Work order
Look through the entries below for the line with "Mykonos Syros route map" and the line with "Blackened Sterling Silver", then give again exactly those two lines and all lines between them, minus the pictures.

Material supplied
'''

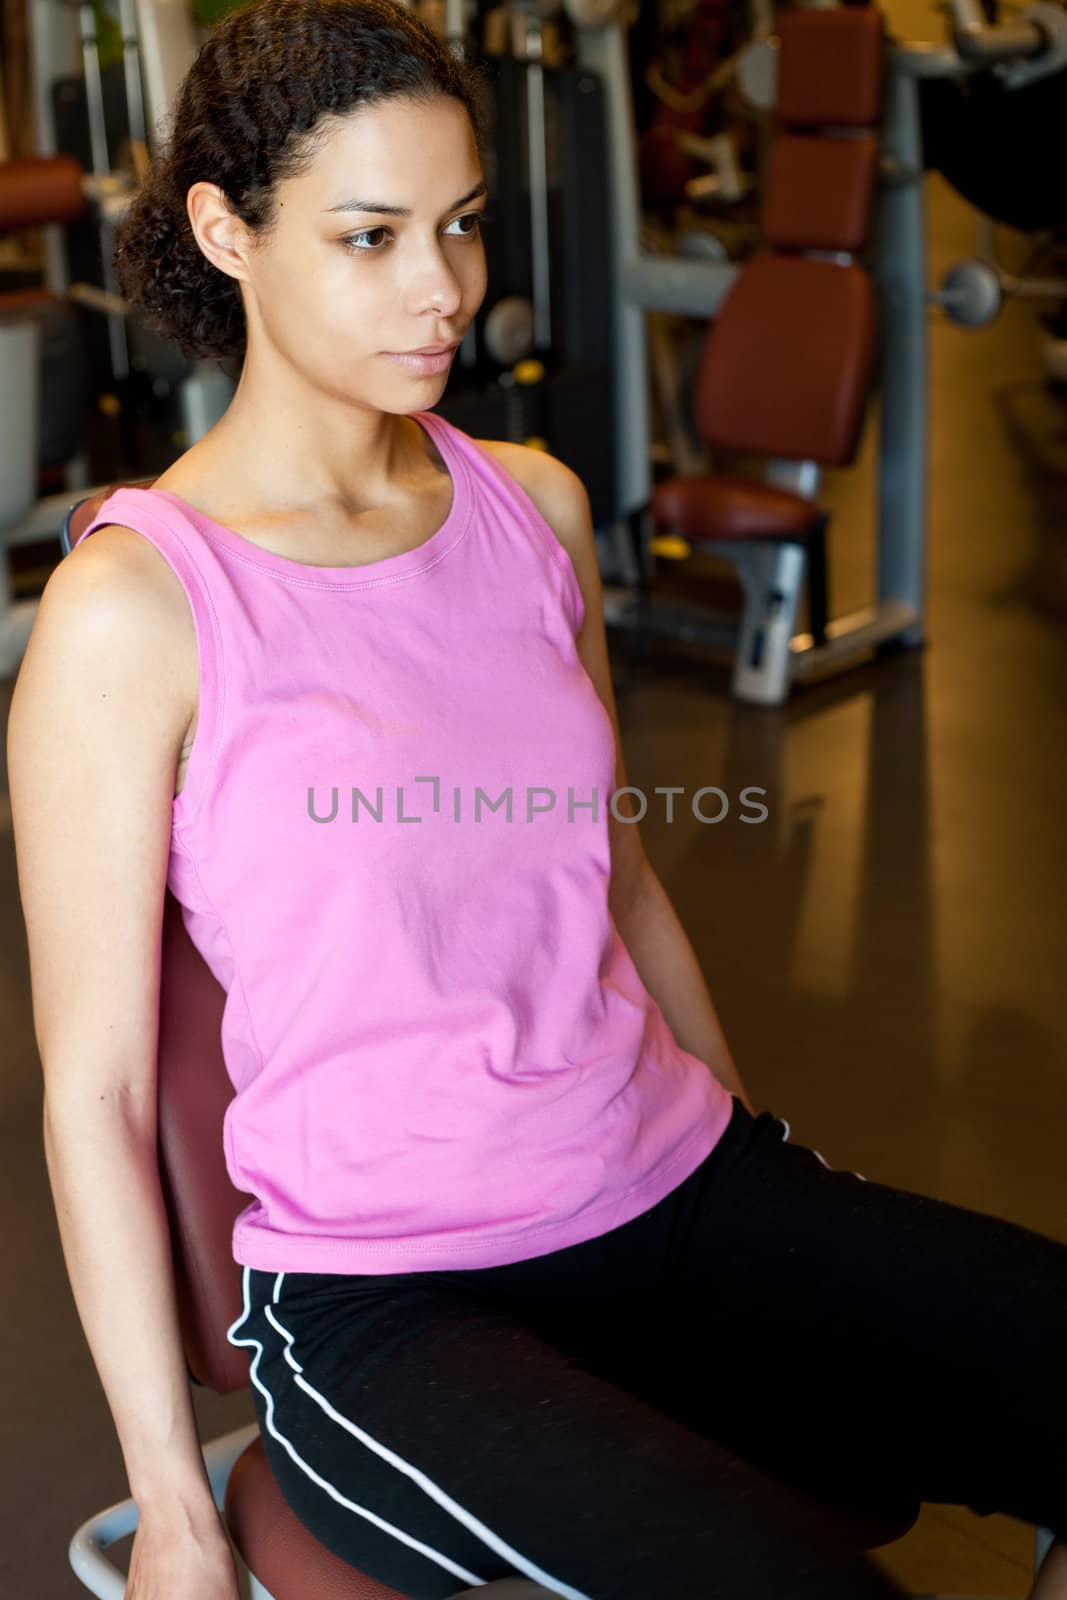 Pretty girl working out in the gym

'''
'''

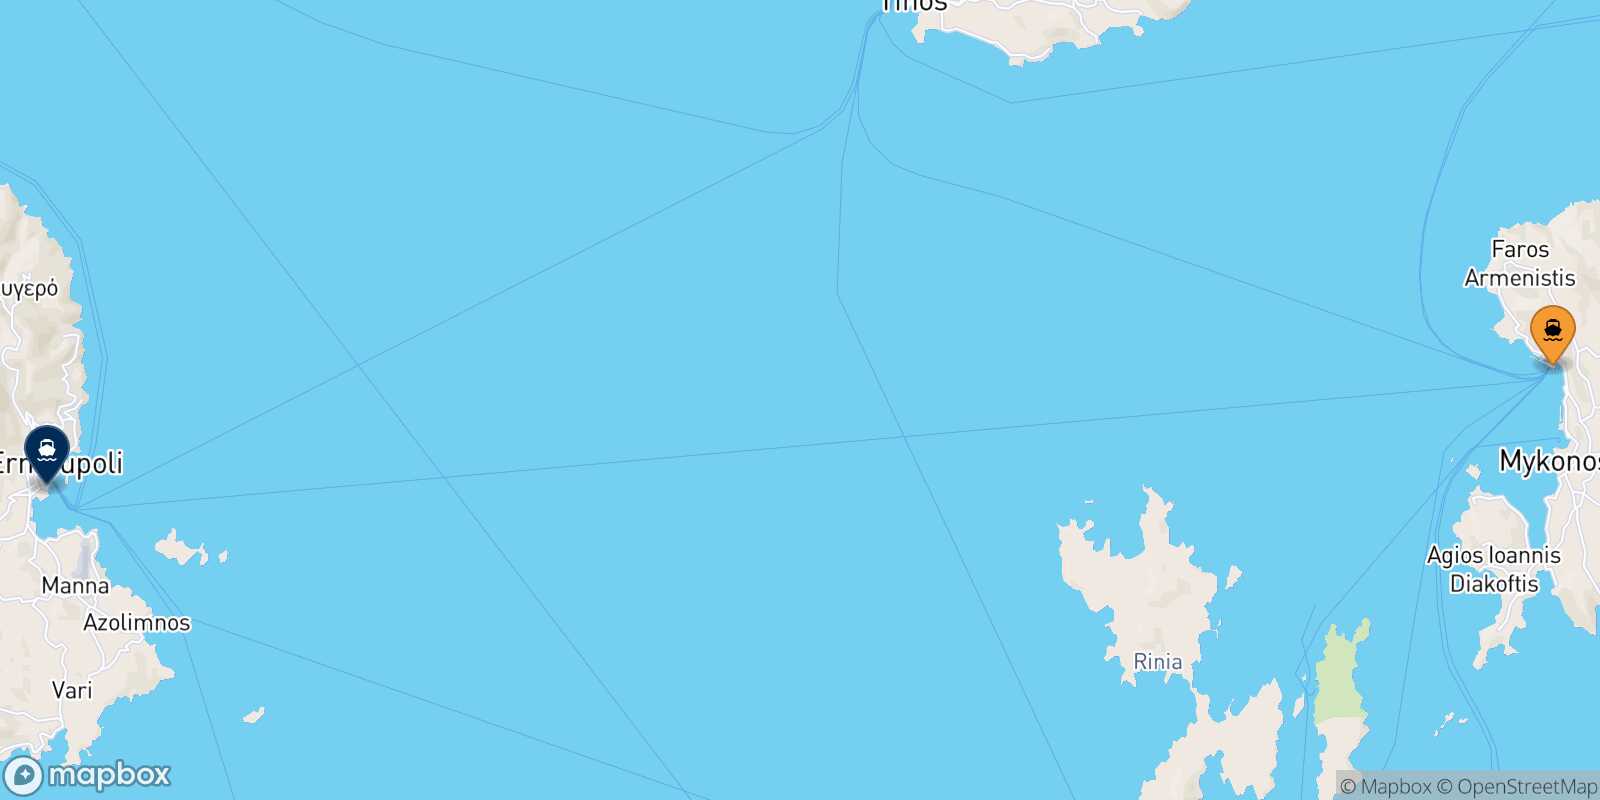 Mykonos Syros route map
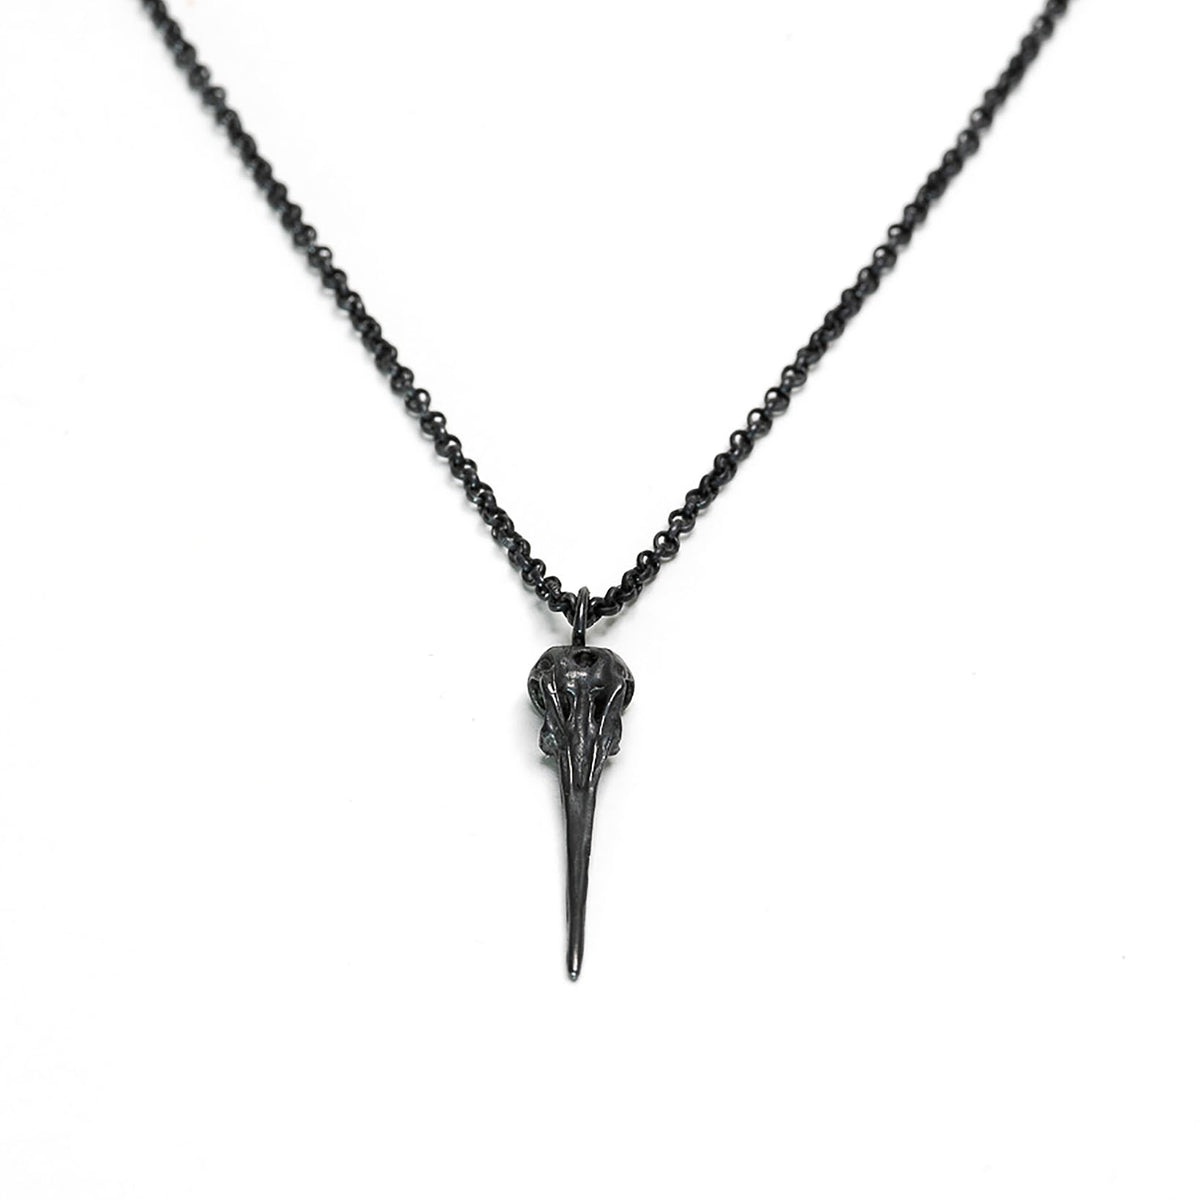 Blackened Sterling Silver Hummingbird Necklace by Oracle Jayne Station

'''
'''

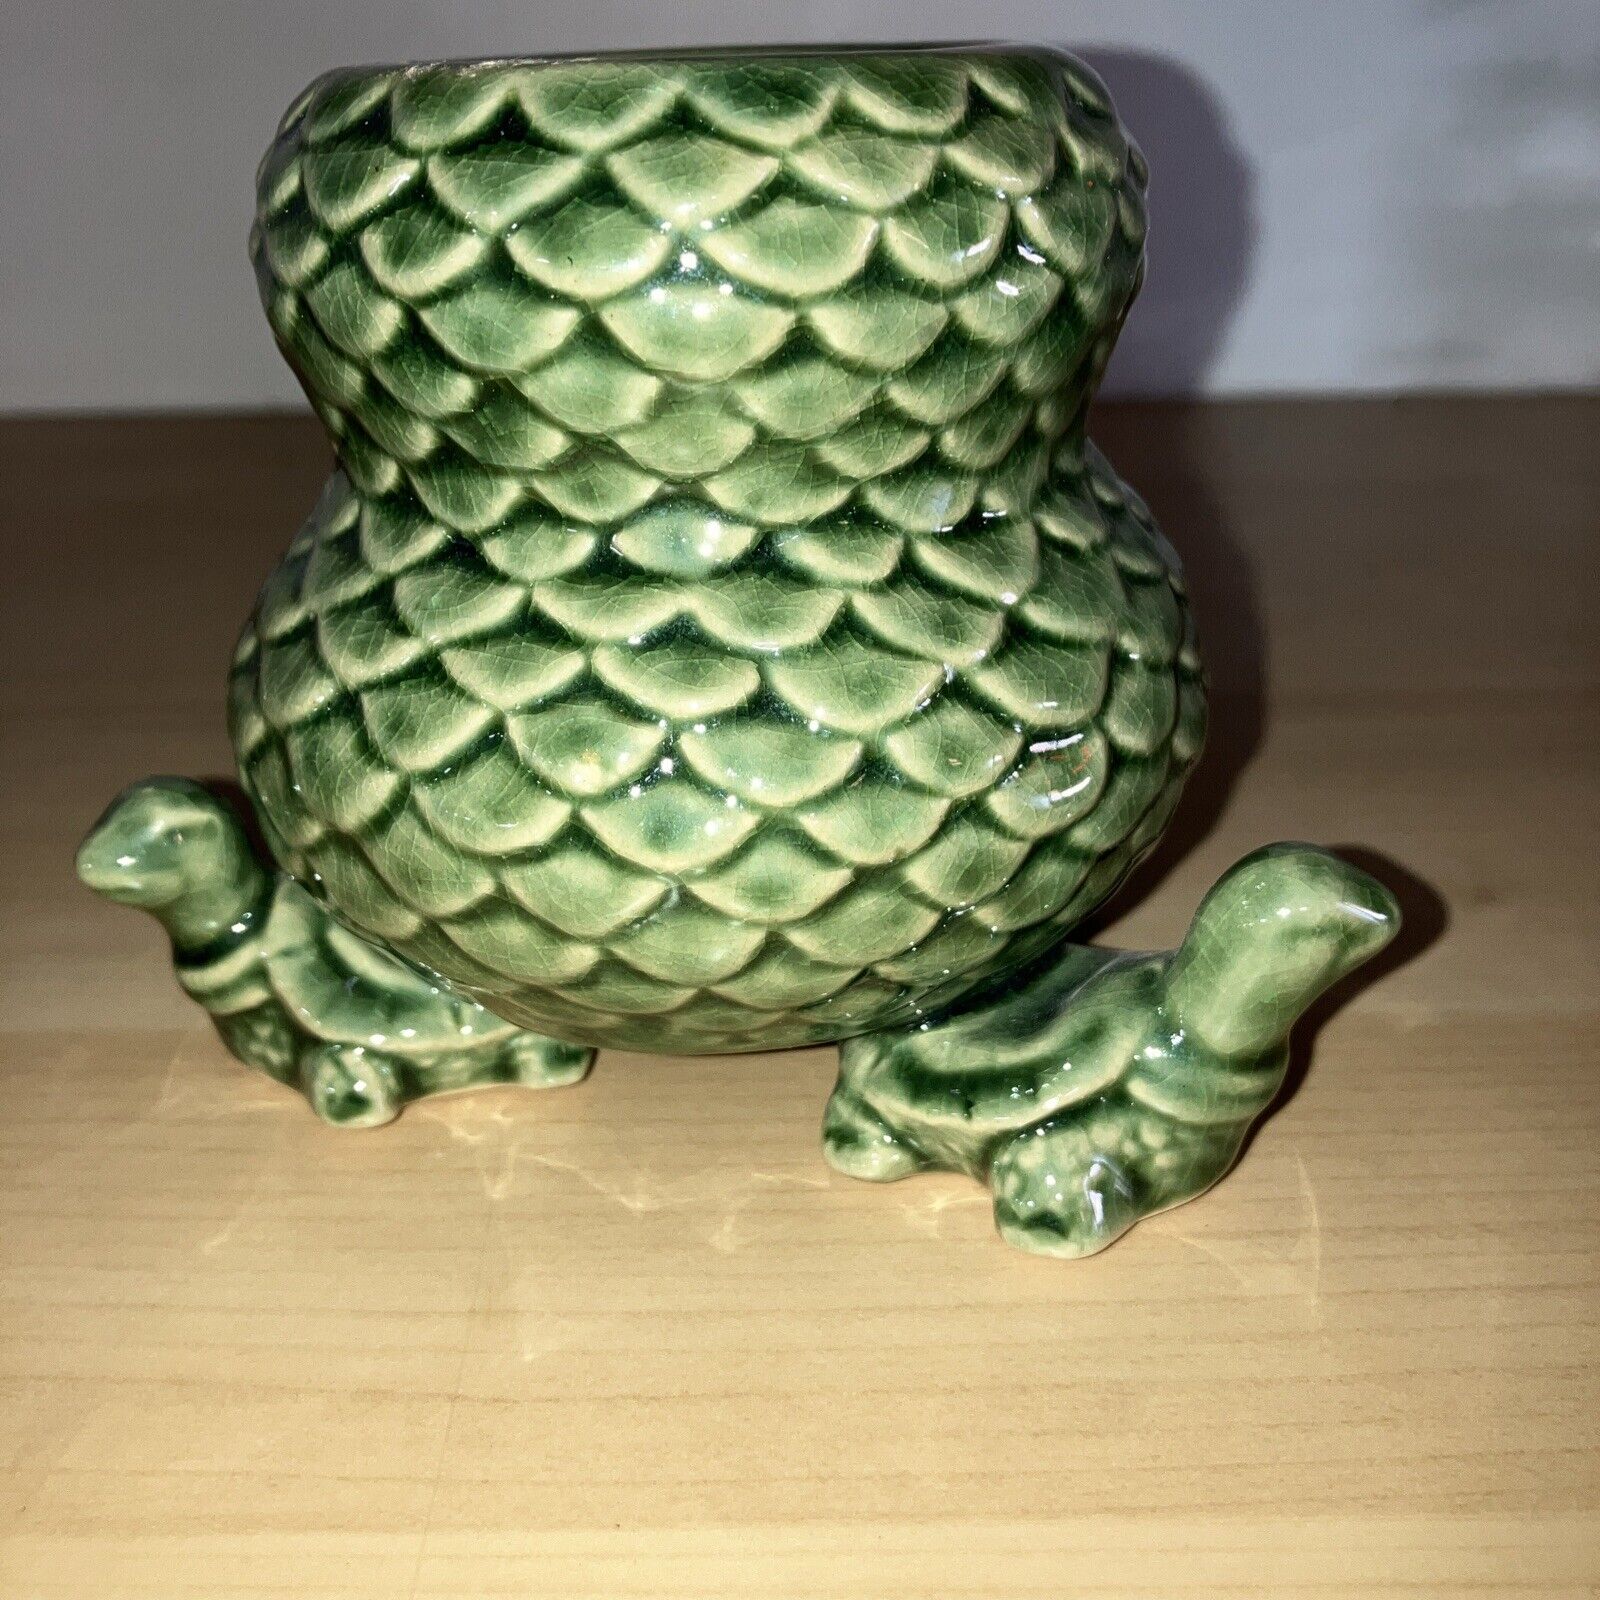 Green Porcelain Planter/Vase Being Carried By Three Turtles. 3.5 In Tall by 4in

'''

Task response
 Mykonos Syros route map
 Blackened Sterling Silver Hummingbird Necklace by Oracle Jayne Station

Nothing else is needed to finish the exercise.